• **EXERCISE DETAILS**
Copy out the data word for word. The images are not part of the copy.

• **COLLECTED DATA**
- Opening Delimiter -
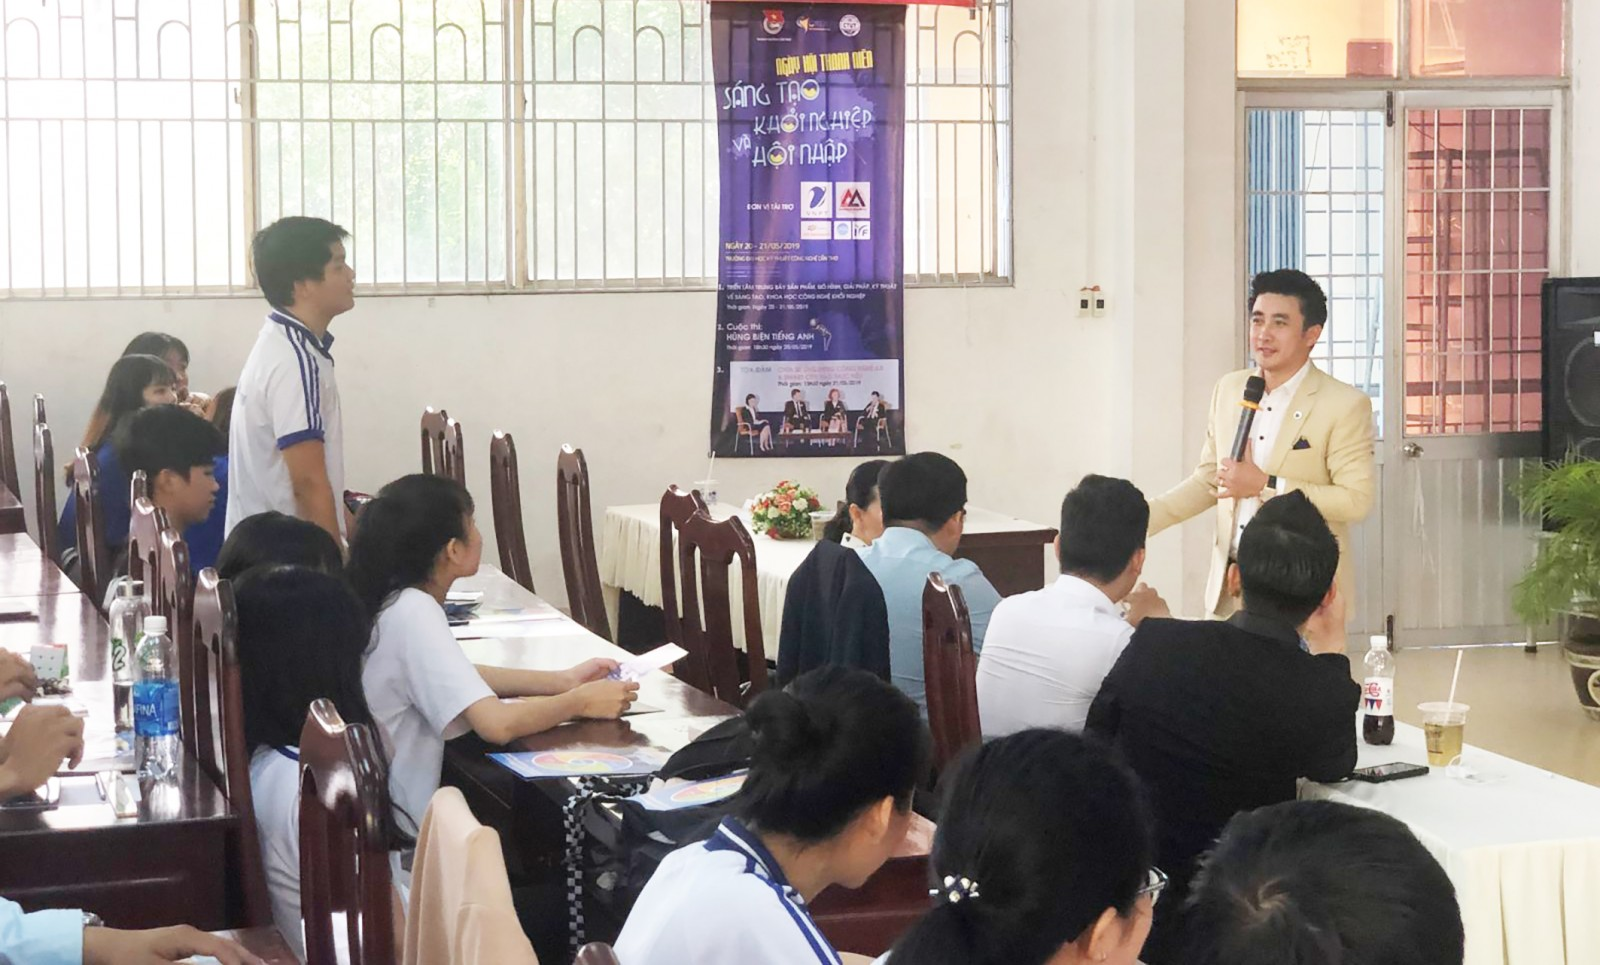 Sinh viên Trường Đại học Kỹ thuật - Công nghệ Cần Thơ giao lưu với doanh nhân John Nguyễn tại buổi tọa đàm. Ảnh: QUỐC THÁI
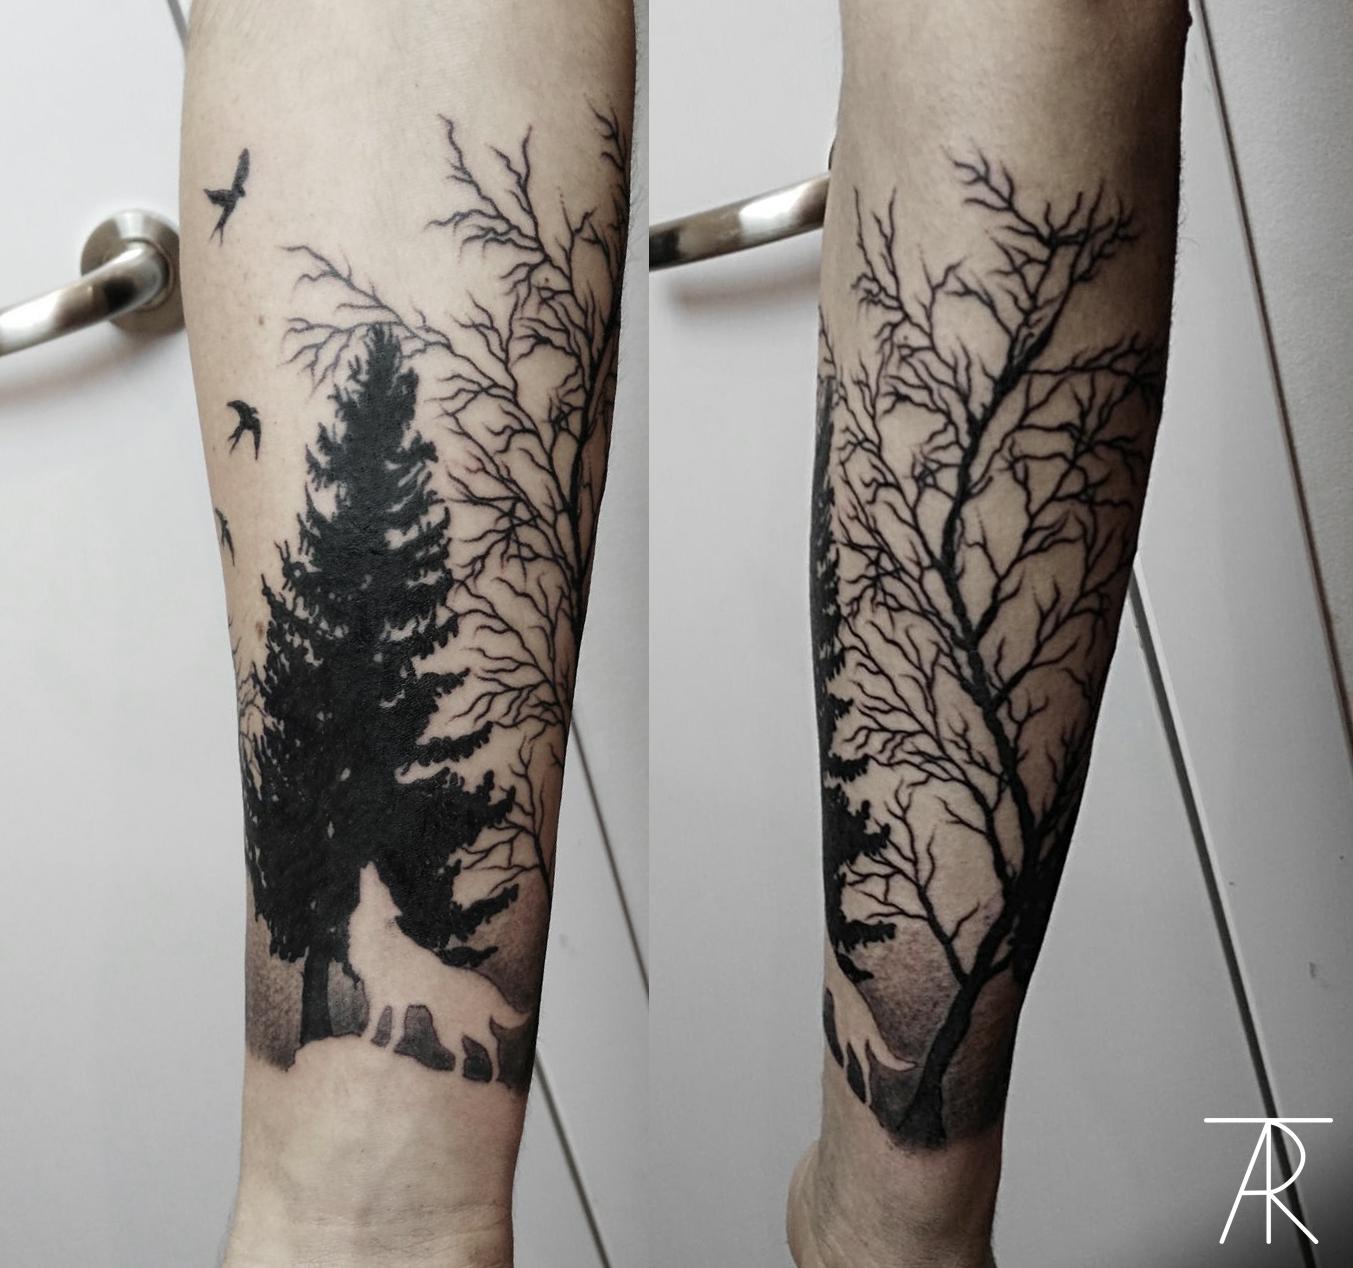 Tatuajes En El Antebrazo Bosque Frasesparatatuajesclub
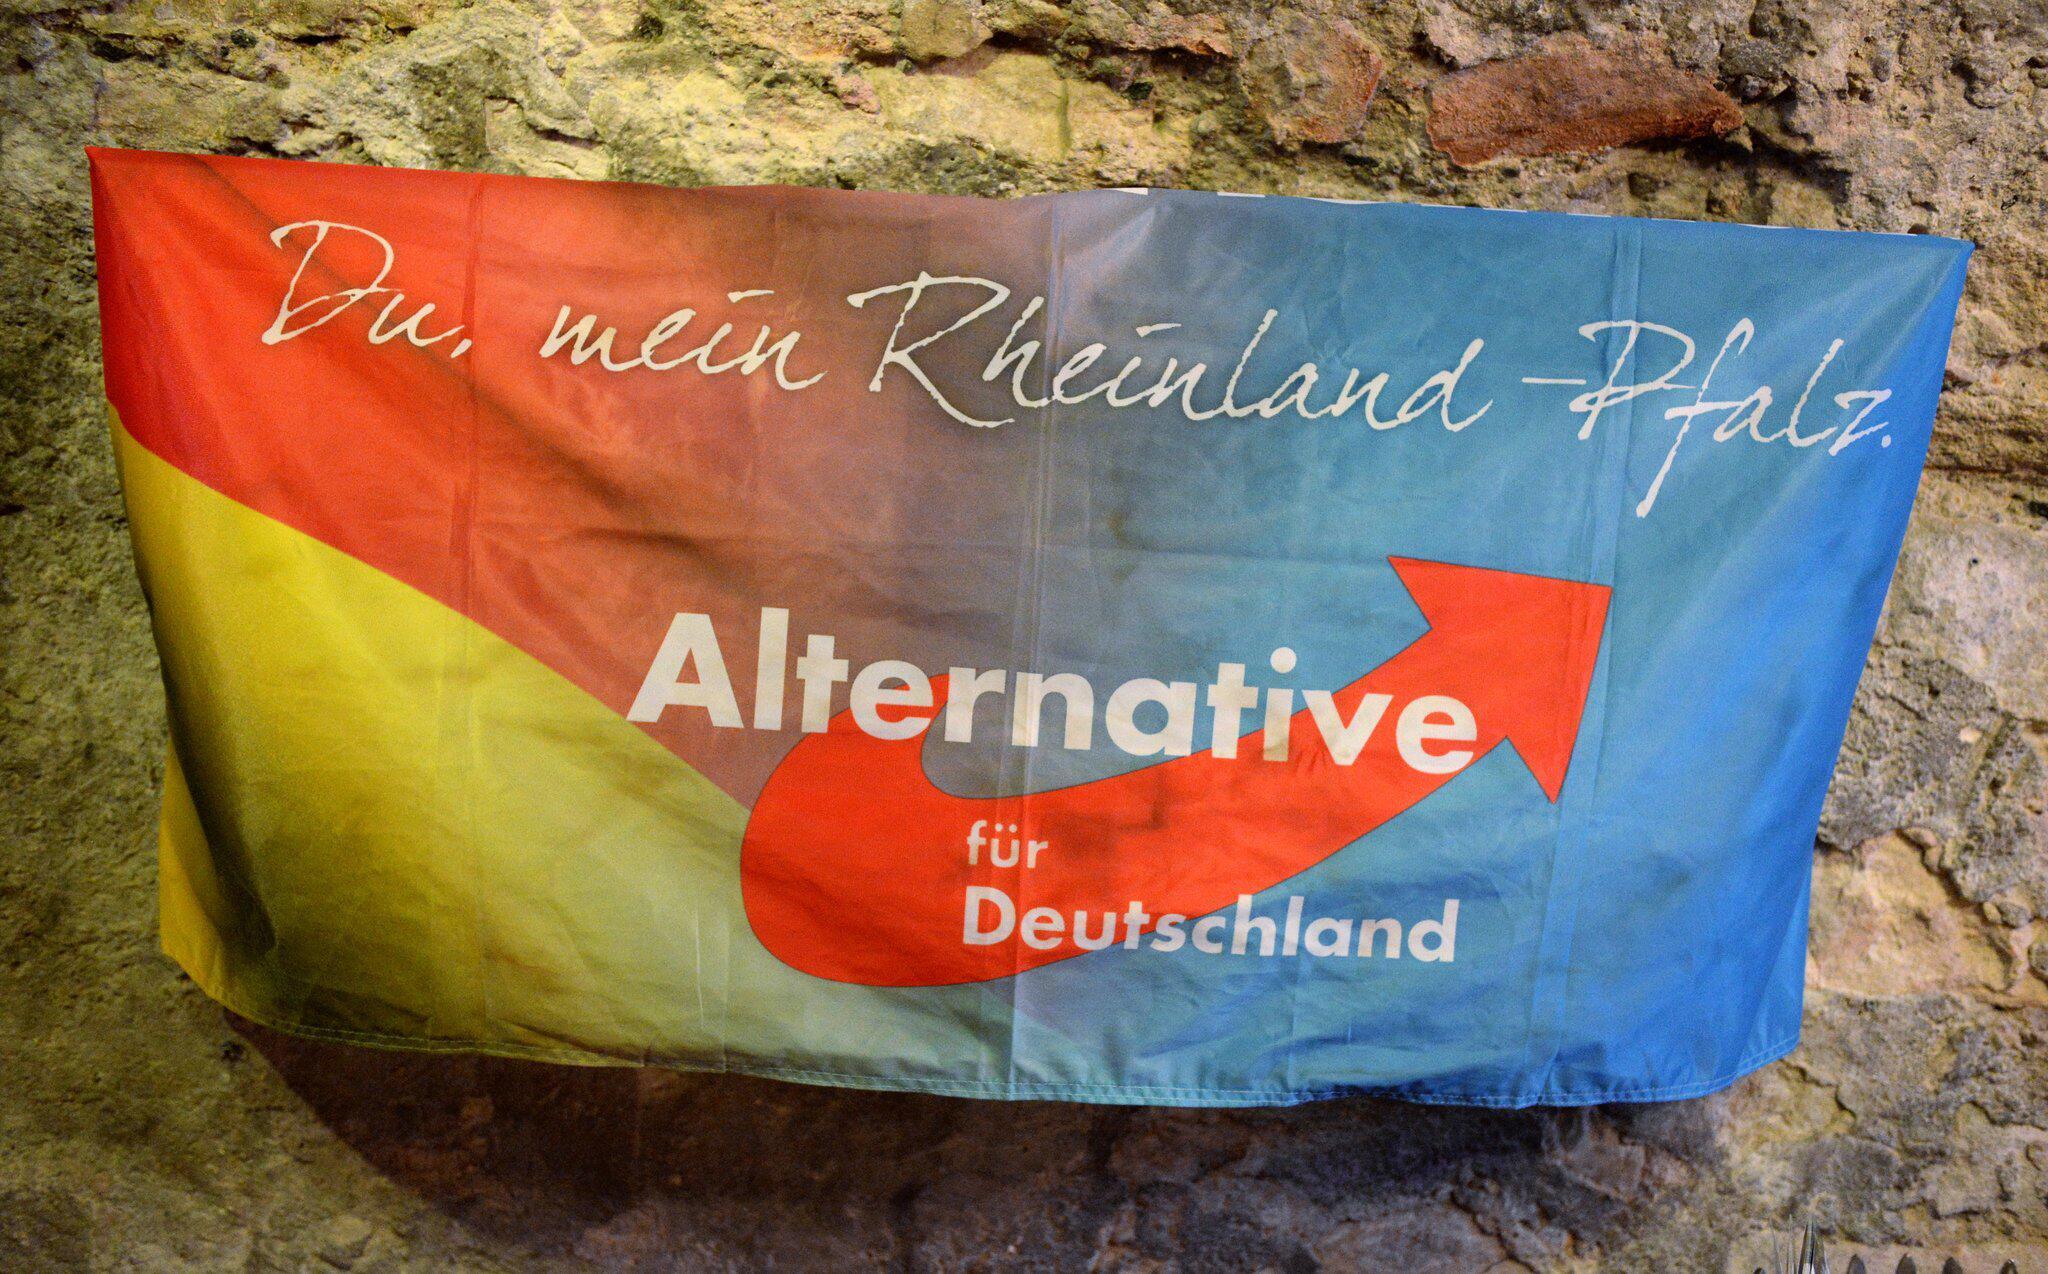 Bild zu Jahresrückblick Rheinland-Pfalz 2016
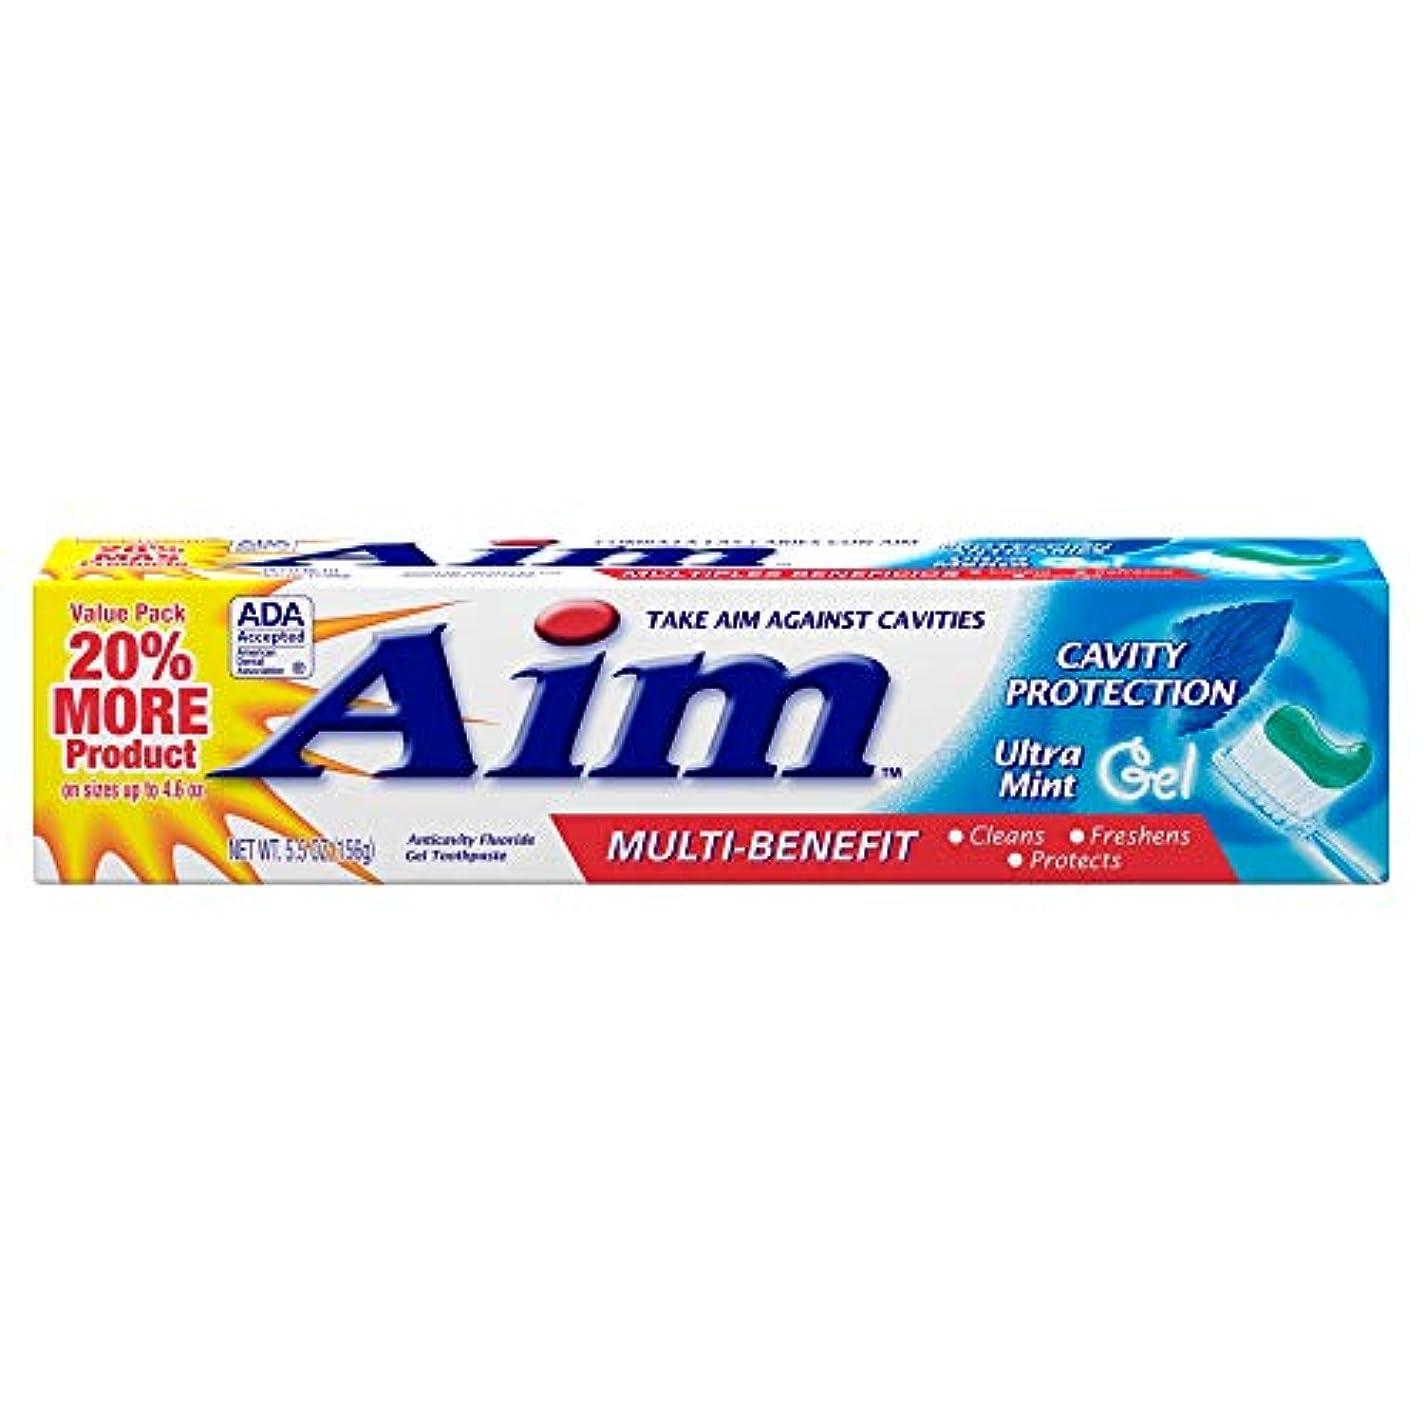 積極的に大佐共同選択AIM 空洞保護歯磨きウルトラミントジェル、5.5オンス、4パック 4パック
- Closing Delimiter -
• **SOLUTION**
 Sinh viên Trường Đại học Kỹ thuật - Công nghệ Cần Thơ giao lưu với doanh nhân John Nguyễn tại buổi tọa đàm. Ảnh: QUỐC THÁI
 Tatuajes En El Antebrazo Bosque Frasesparatatuajesclub
 Bild zu Jahresrückblick Rheinland-Pfalz 2016
 積極的に大佐共同選択AIM 空洞保護歯磨きウルトラミントジェル、5.5オンス、4パック 4パック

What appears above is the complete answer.